| Can phospholipid-bound N-3s as in krill ward off the fat gain on a bulk? |
You learn from me, I learn from you
Now, I guess some of you are similarly fed up with those rodent studies like I am, but bear with me folks, Roy did in fact shoot the bulls-eye with this one (not sure if you realized that Roy, but you did ;-) After all, there was a certain twist to this study. A twist you have actually read about on the suppversity roughly 7 month ago, in a post with the suggestive title "Phospholipid or Triglyceride? What's in Your Fish Oil Caps? Only Phospholipid Based DHA+EPA Reduces Fat Cell Growth & Elevated Insulin Levels Despite Obesogenic Diet" (read more). Both studies, the one at hand, which was published only a couple of days ago in Nutrition & Metabolism, as well as the "old" study by Rossmeisel et al. (read up on the results), dealt with the difference between the "real-rodent-world" differences between triglyceride and phospholipid based n3-PUFAs.

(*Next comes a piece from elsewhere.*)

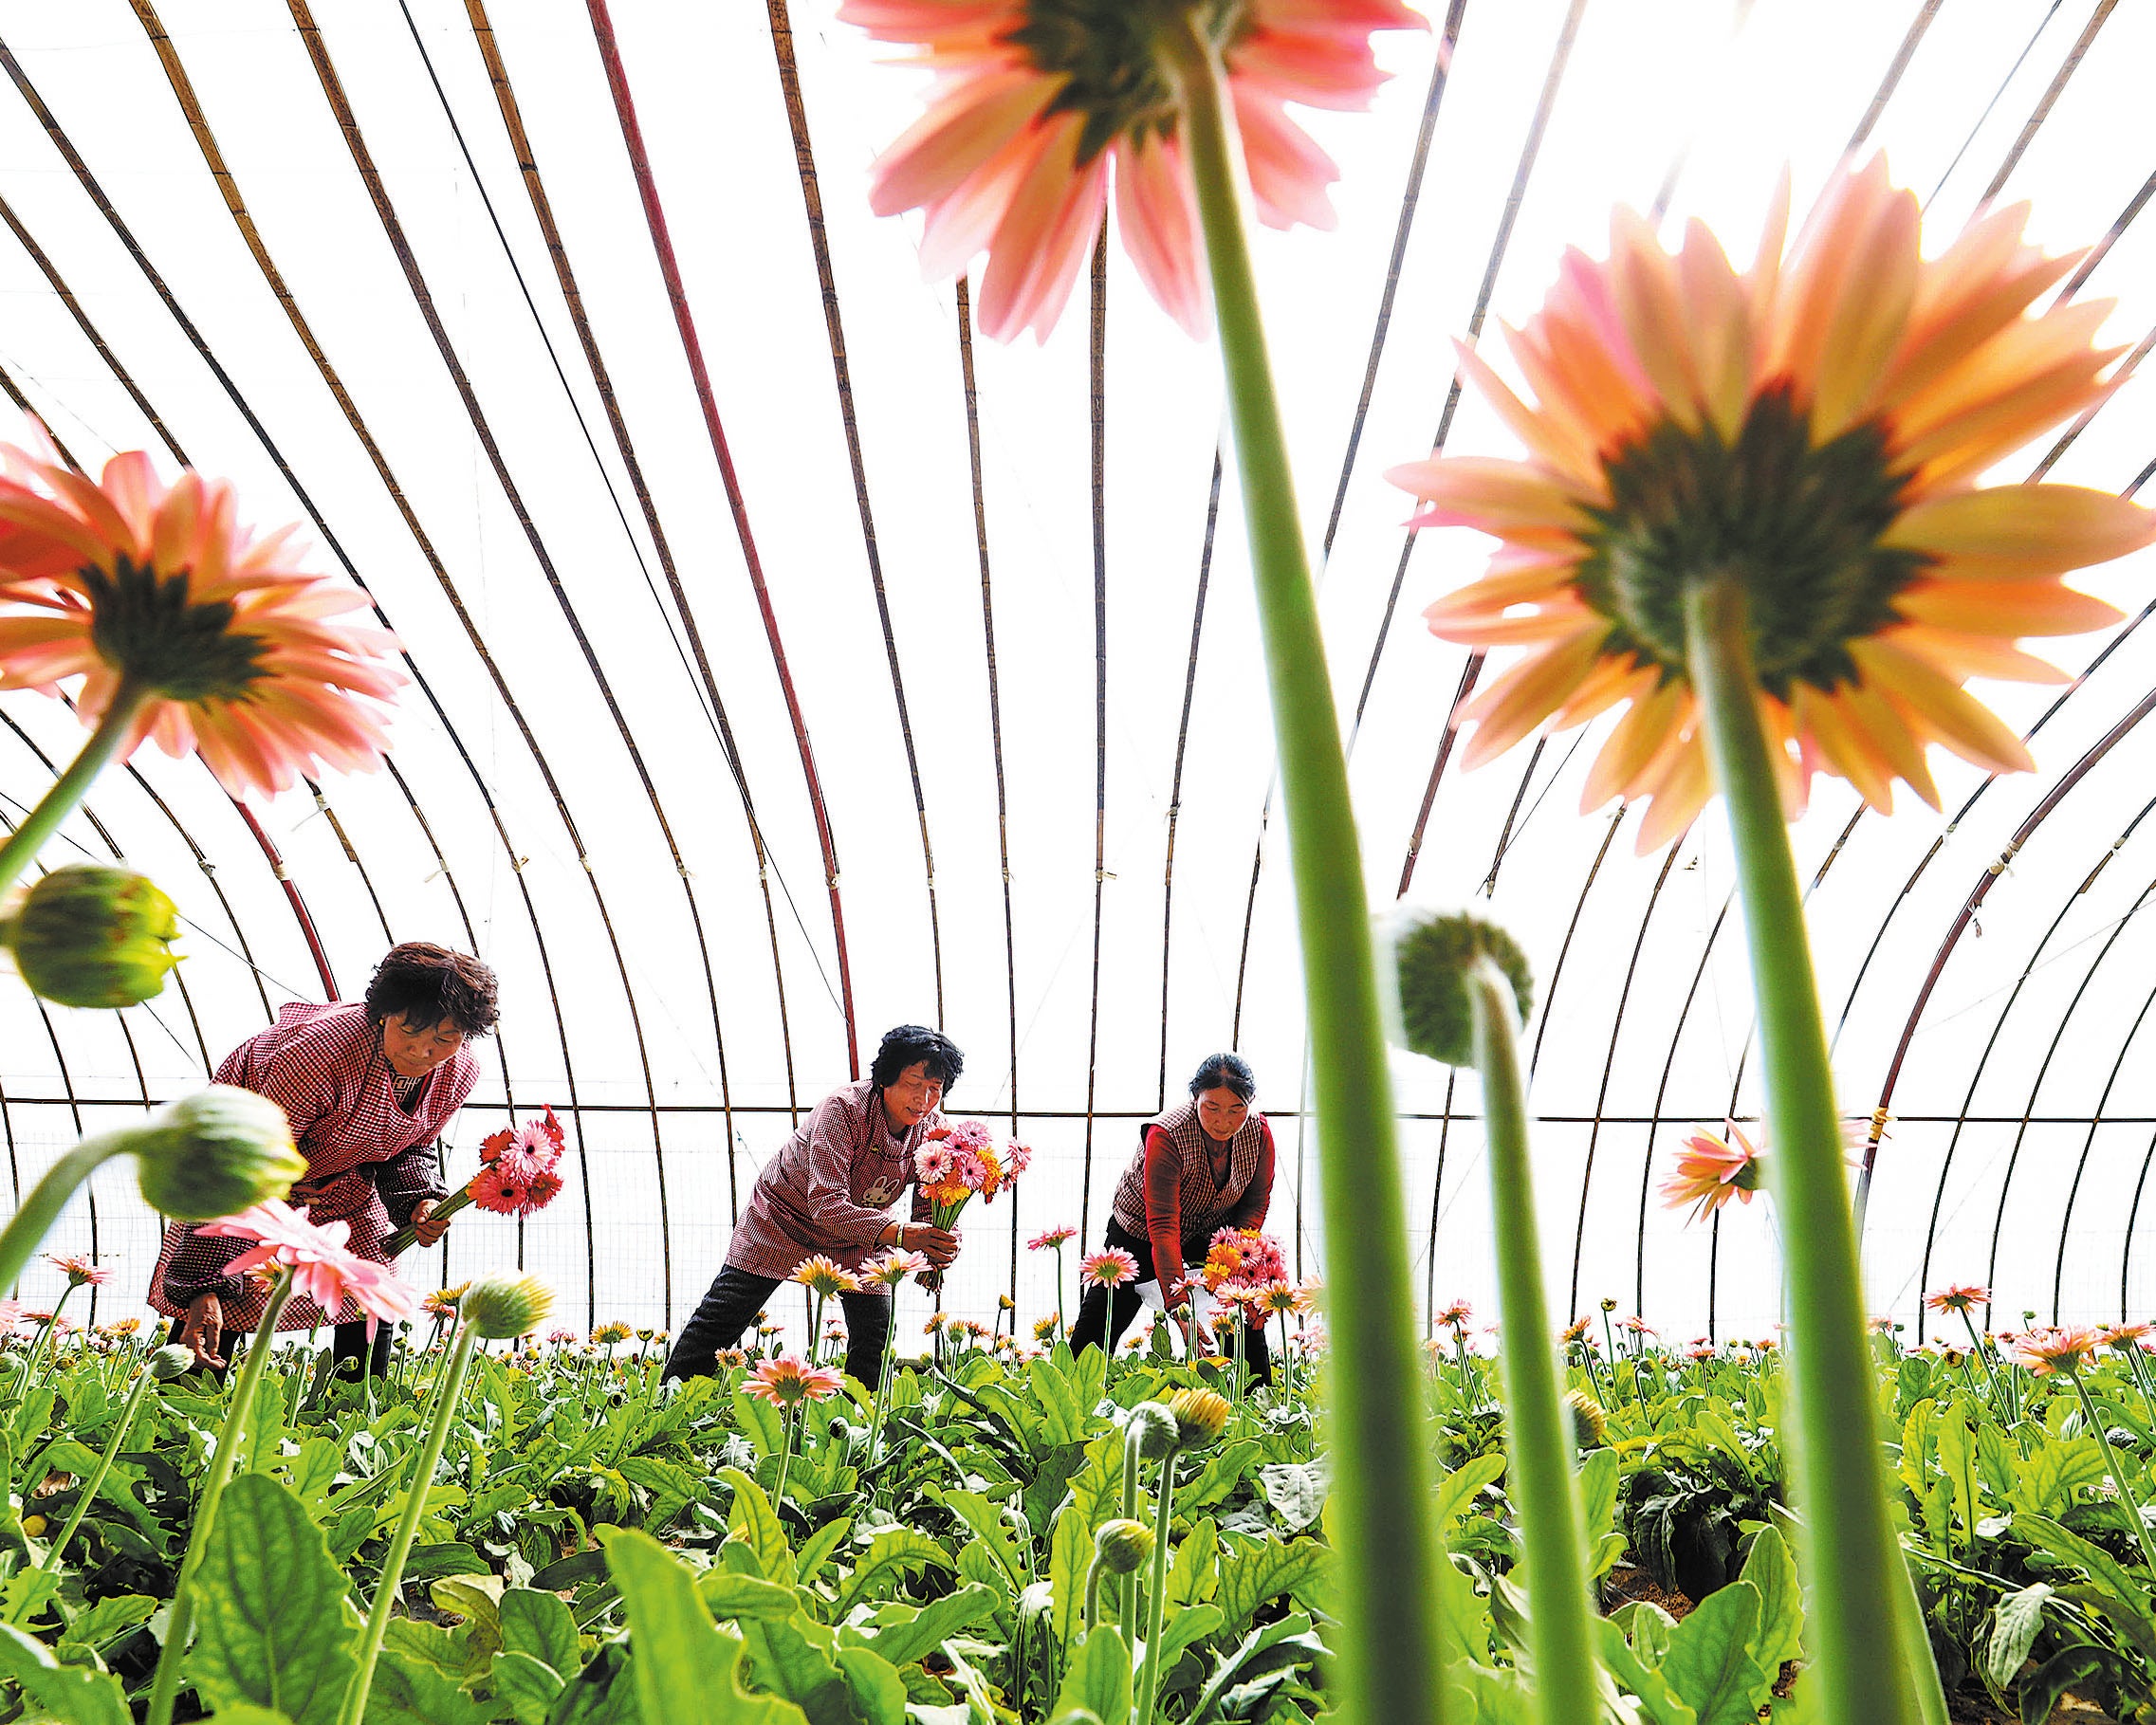 Growers cut fresh flowers at a plantation base in Zhangye, Gansu province, in March

Why are you talking about "n-3 PUFAs" and not simply about fish oil? There are actually two reasons, I am trying to avoid the term "fish oil" in this context. Firstly, real fish has both, triglycerides which make up >90% of the fat in fatty fish like salmon & co. And secondly, the way fish oil supplements are produced usually removes the last phospholipid fractions leaving you with nothing but the triglycerides (another reason to stick to fish as an animal, instead of fish as a gelatine cap ;-)
Rossmeisel et al. have already been able to show that the phospholipid-bound n-3 PUFAs (DHA and EPA) posses physiological effects the cheap triglycerides don't have to offer: They decrease the size of the fat cells and thus provide a structural advantage, the common triglyceride-bound forms of DHA and EPA do not have to offer.Why is a smaller adipocyte size significant?

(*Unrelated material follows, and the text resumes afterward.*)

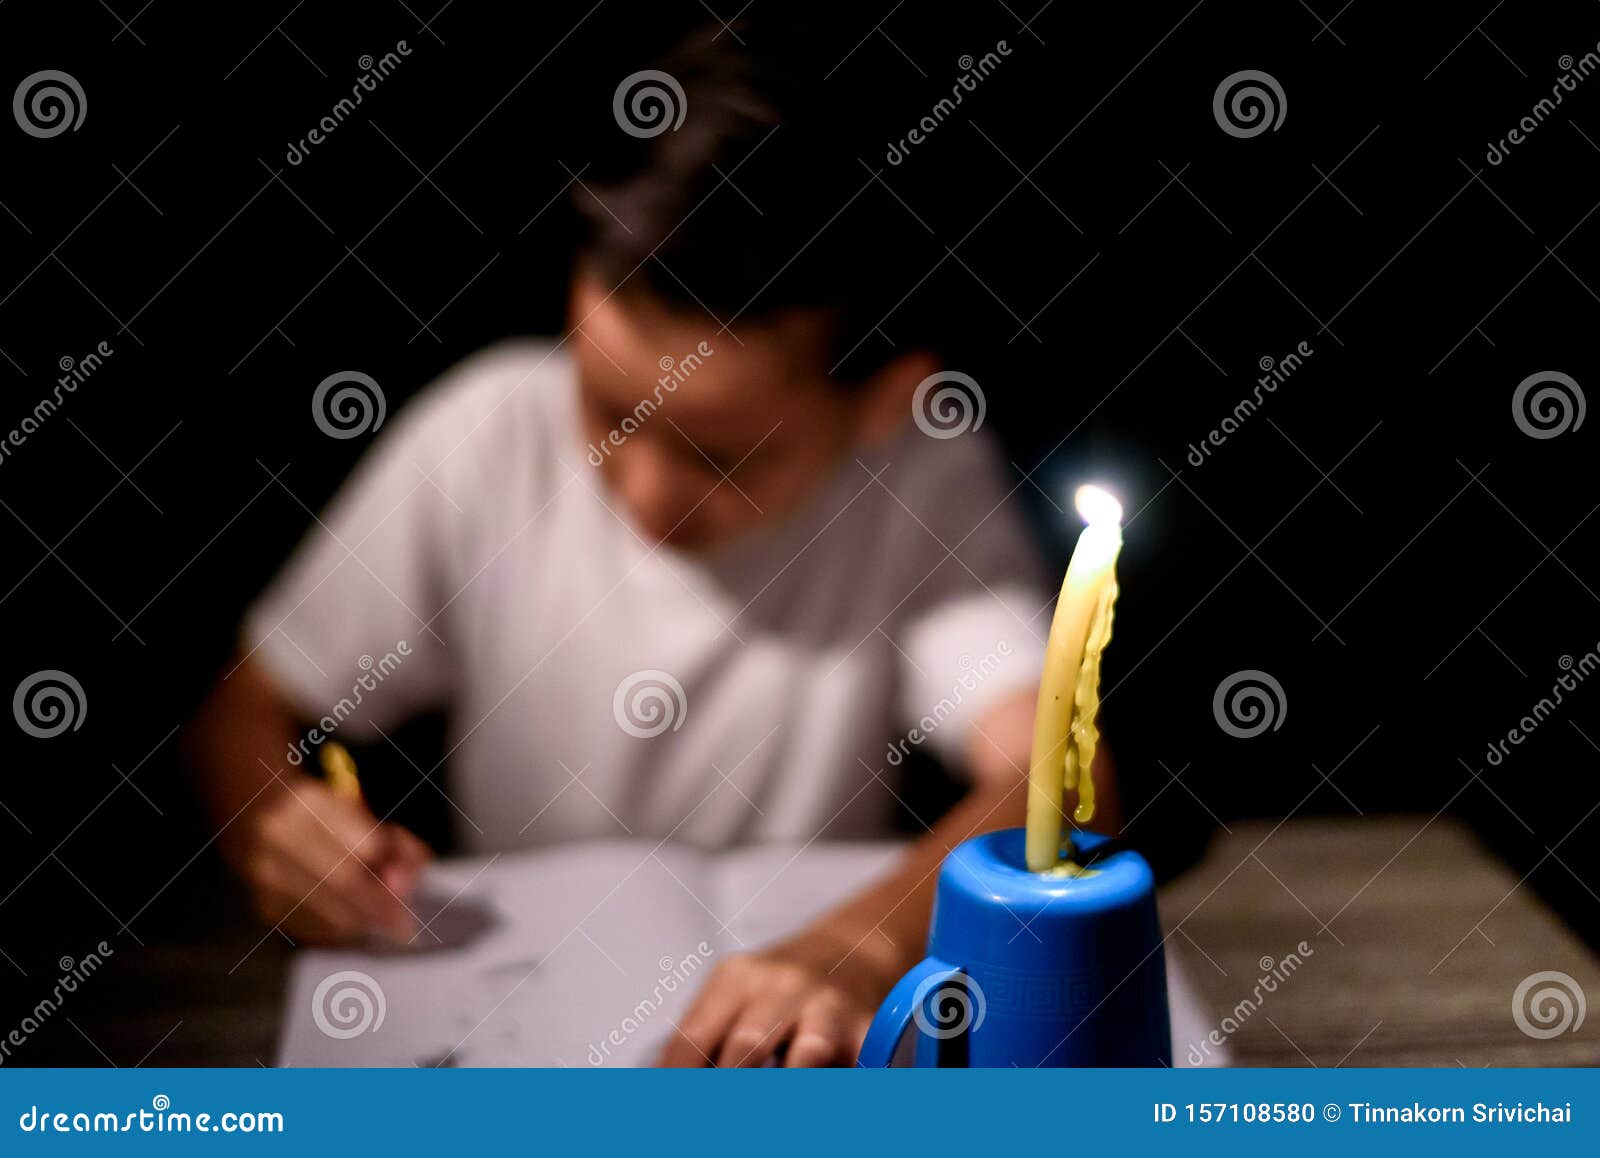 while doing your school homework the candle

| Remember the post on choline as part of a weight loss stack (read more)? Guess what: Choline is also part of most phospholipids. |
In a hypercaloric diet scenario, as the one in the study at hand, a decreased adipocyte size may yet well be considered the structural foundation of reduced baseline inflammation. after all, the size or you could as well say the filling level o the fat cells is directly associated with the amounts of pro-inflammatory cytokines they release (Skurk. 2007).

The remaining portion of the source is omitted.